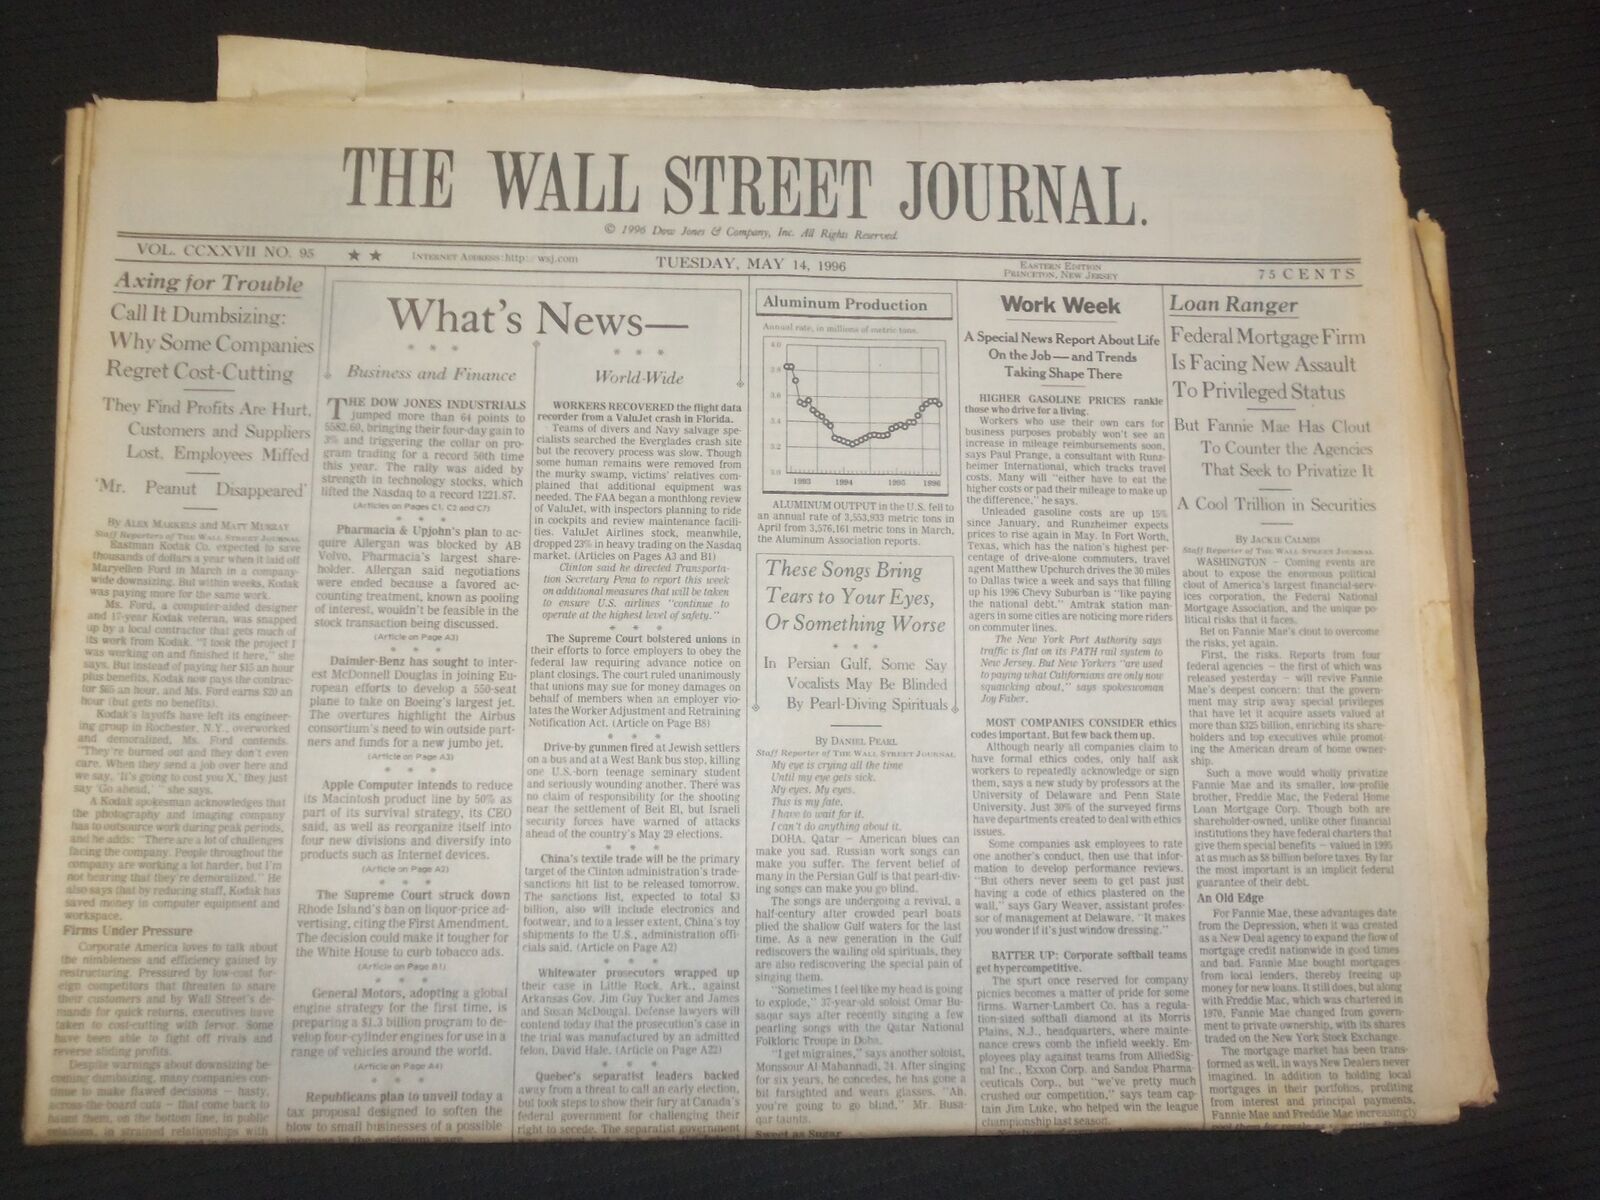 1996 MAY 14 THE WALL STREET JOURNAL - FEDERAL MORTGAGE FIRM - WJ 272
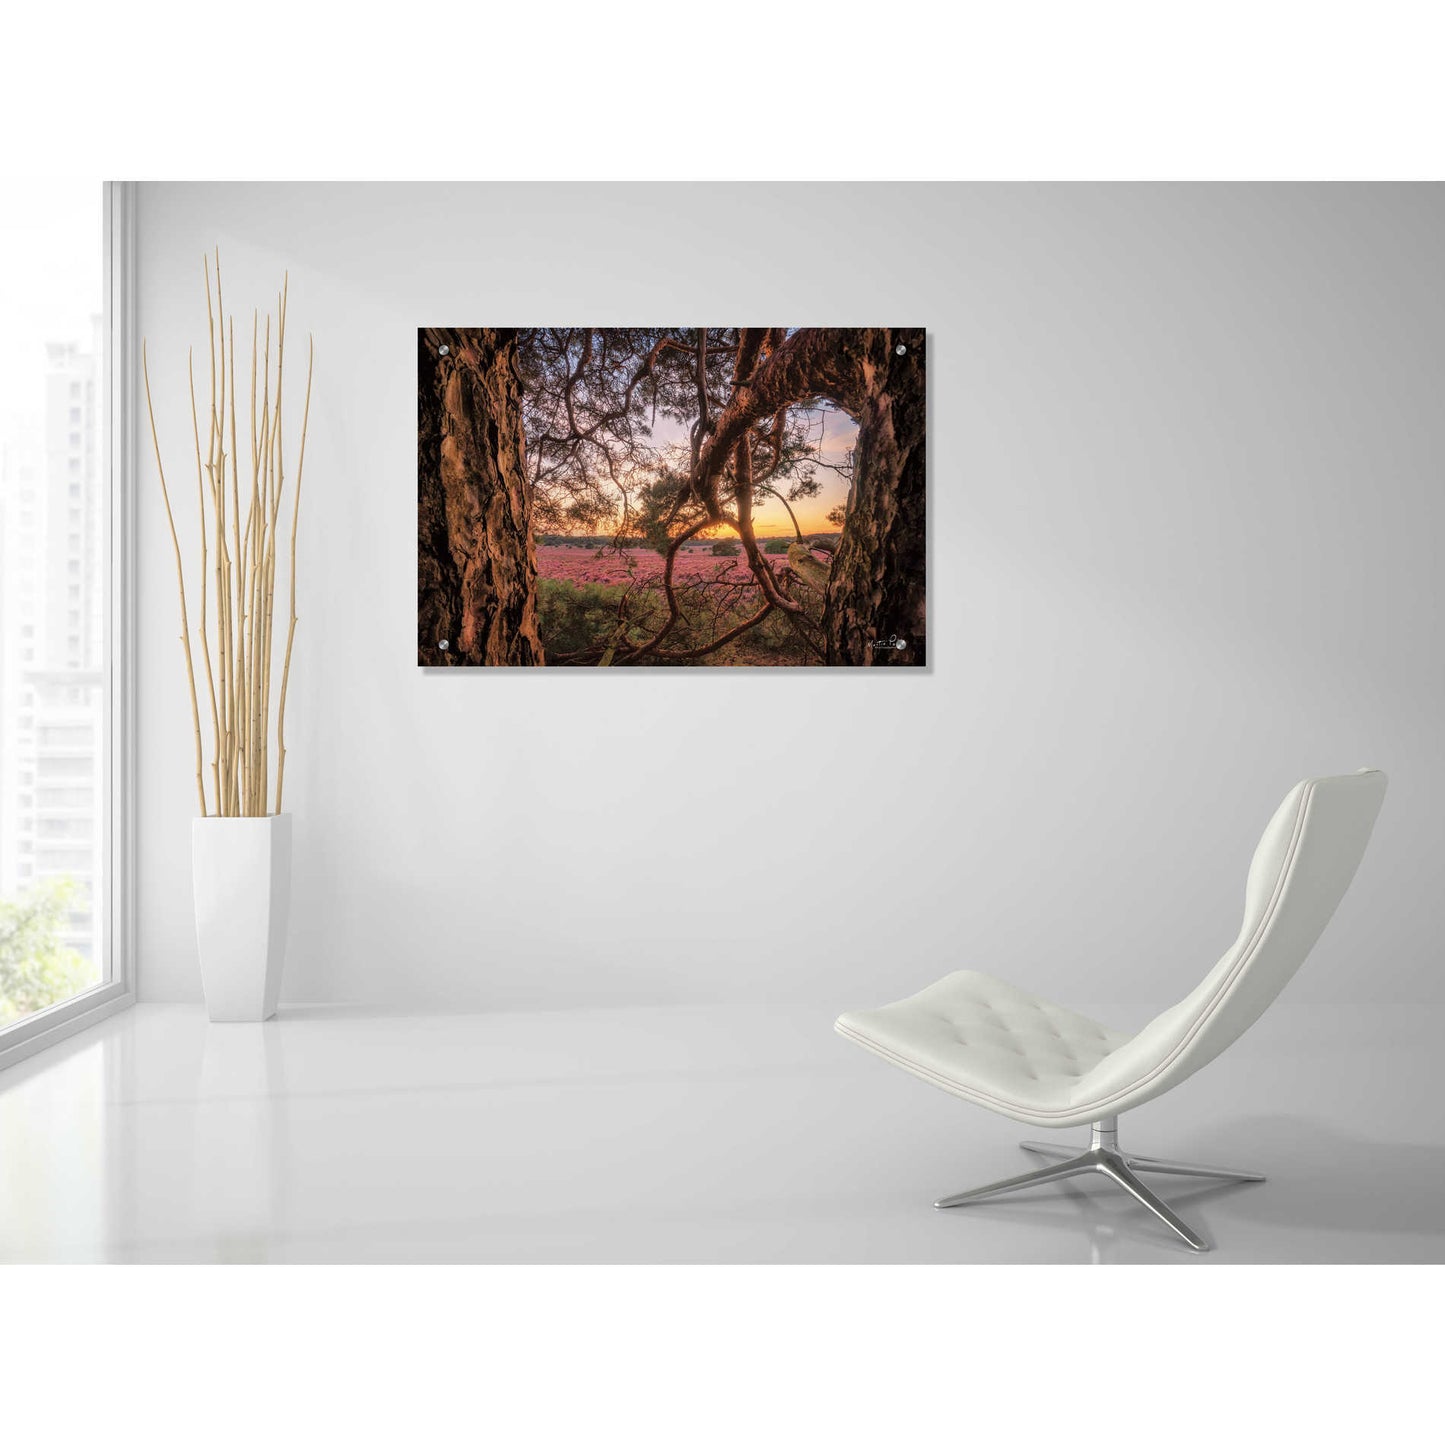 Epic Art 'In Between' by Martin Podt, Acrylic Glass Wall Art,36x24
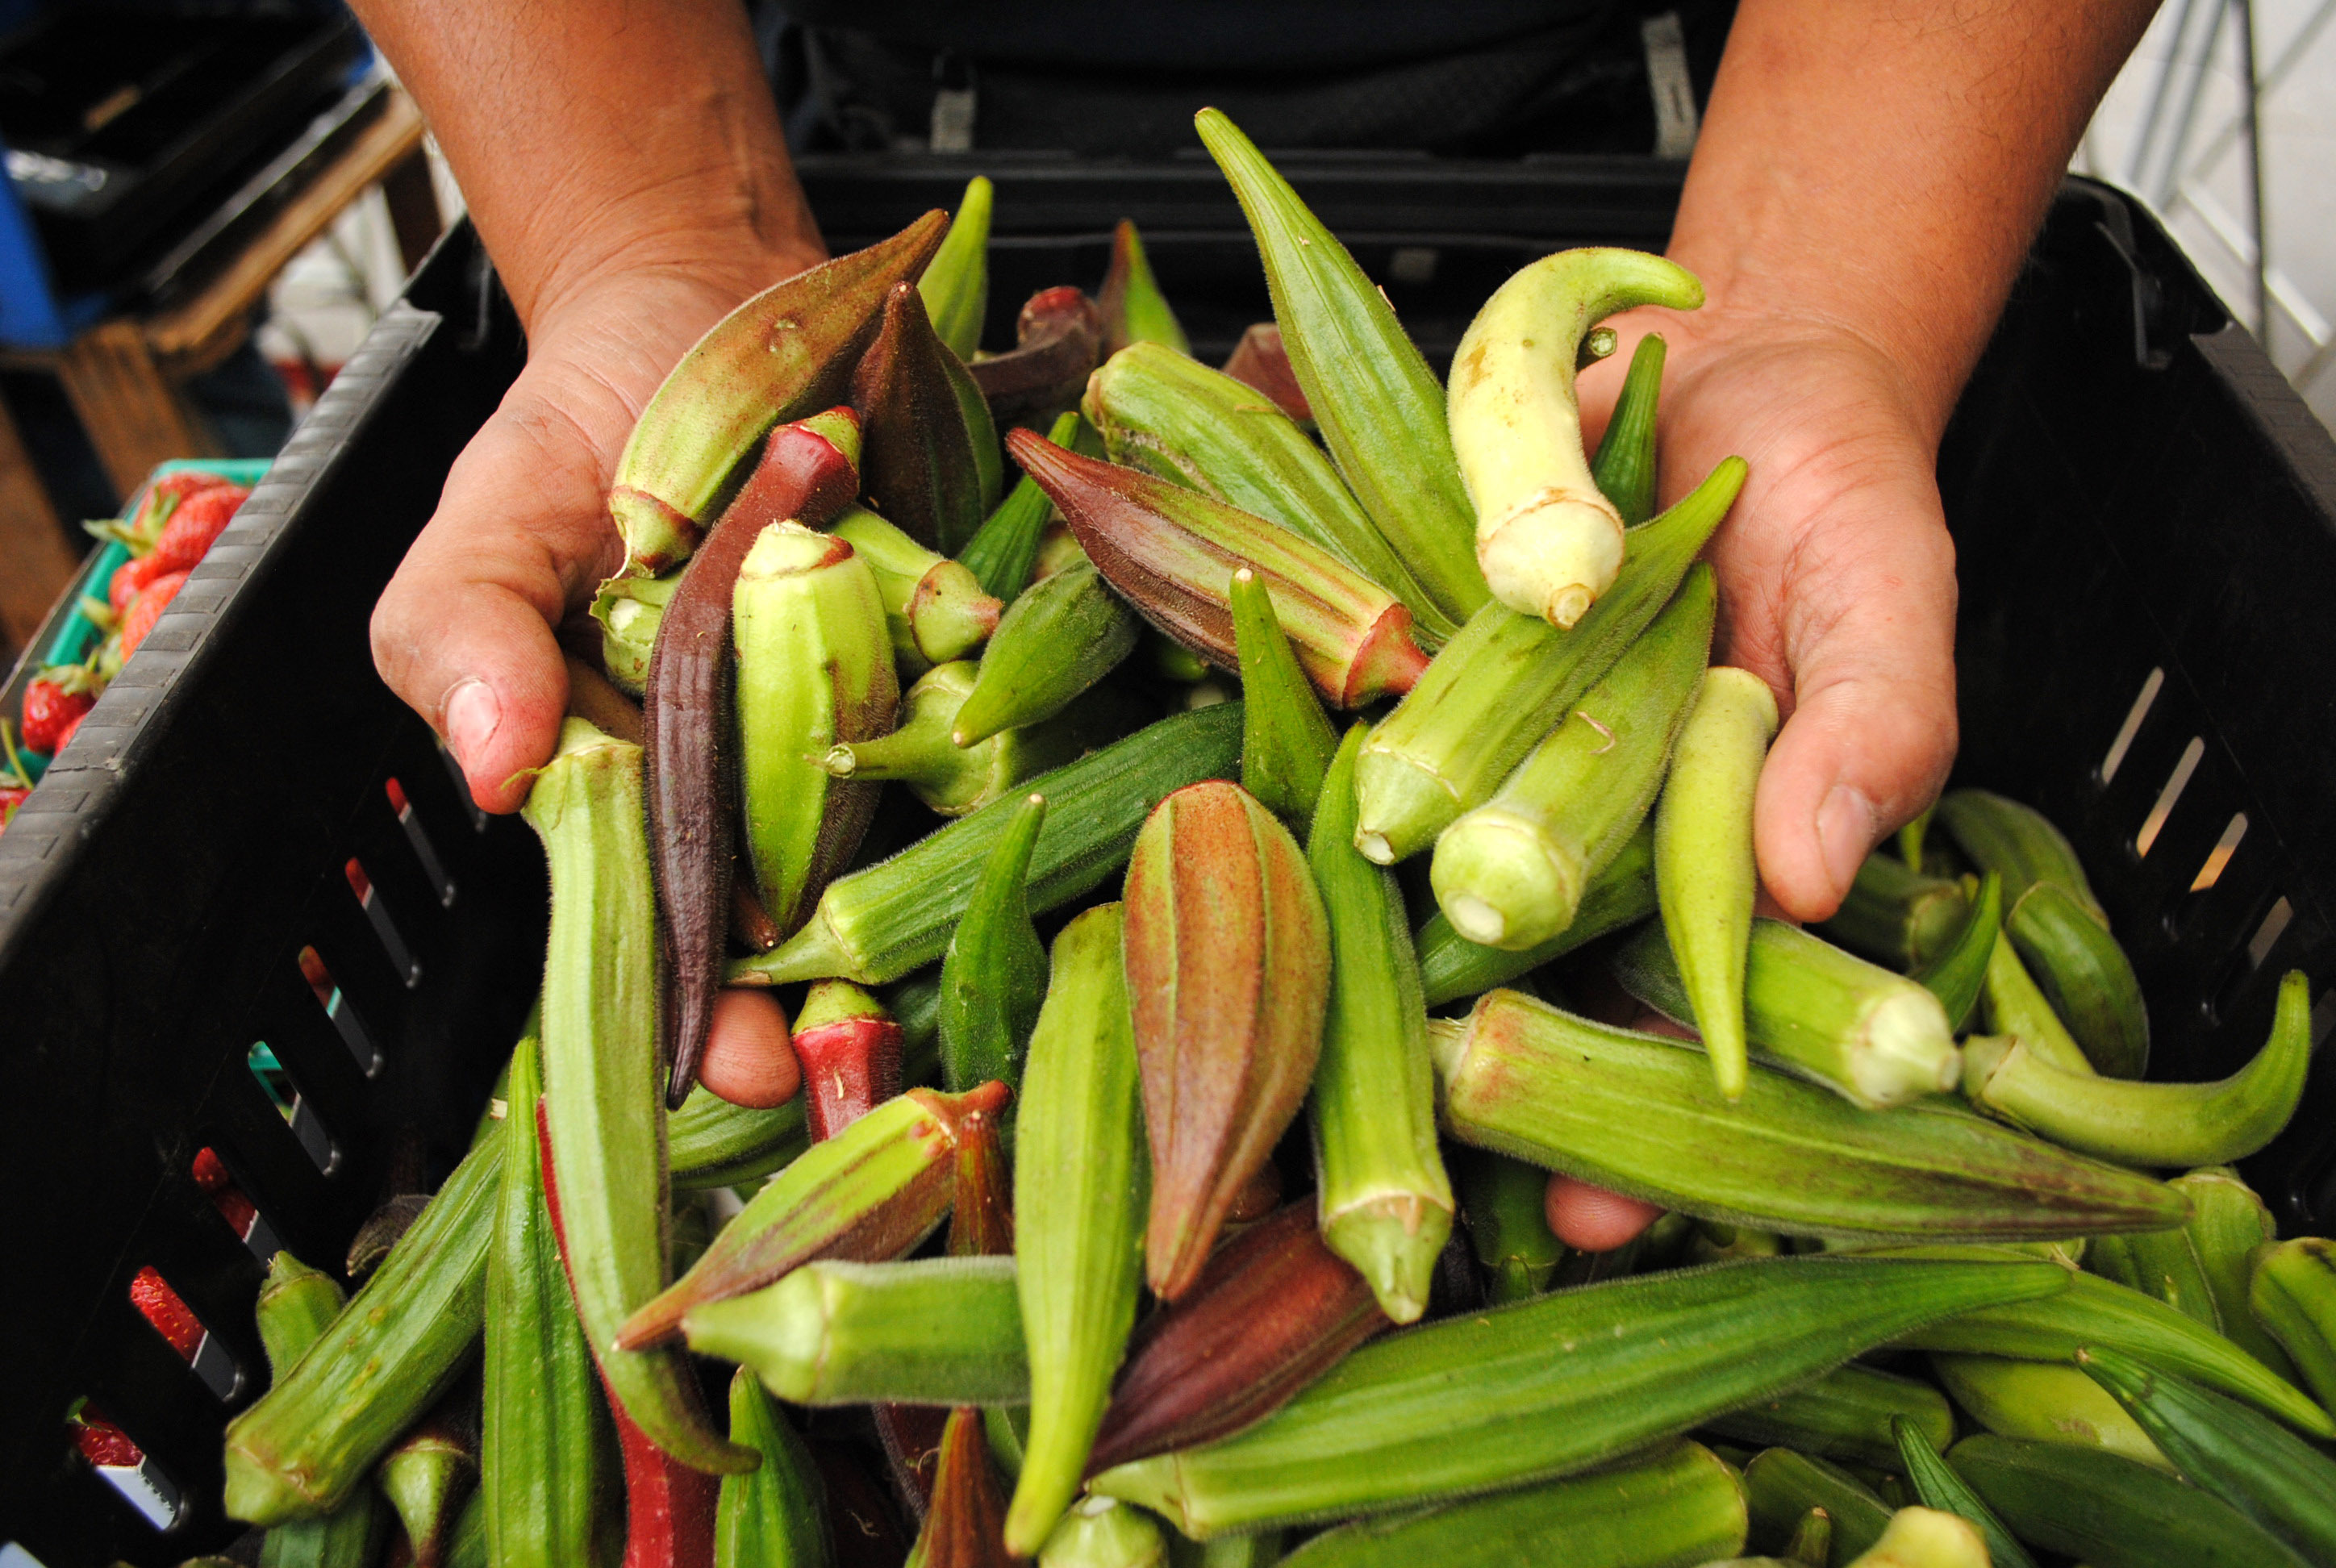 A crate of okra with two hands holding up the vegetables.

^^^^

**Work instruction**
Leave every picture out and print exactly the lines from the one that contains "Epic Art 'In" through the last line of the material above.

**Reply**
 Epic Art 'In Between' by Martin Podt, Acrylic Glass Wall Art,36x24
 A crate of okra with two hands holding up the vegetables.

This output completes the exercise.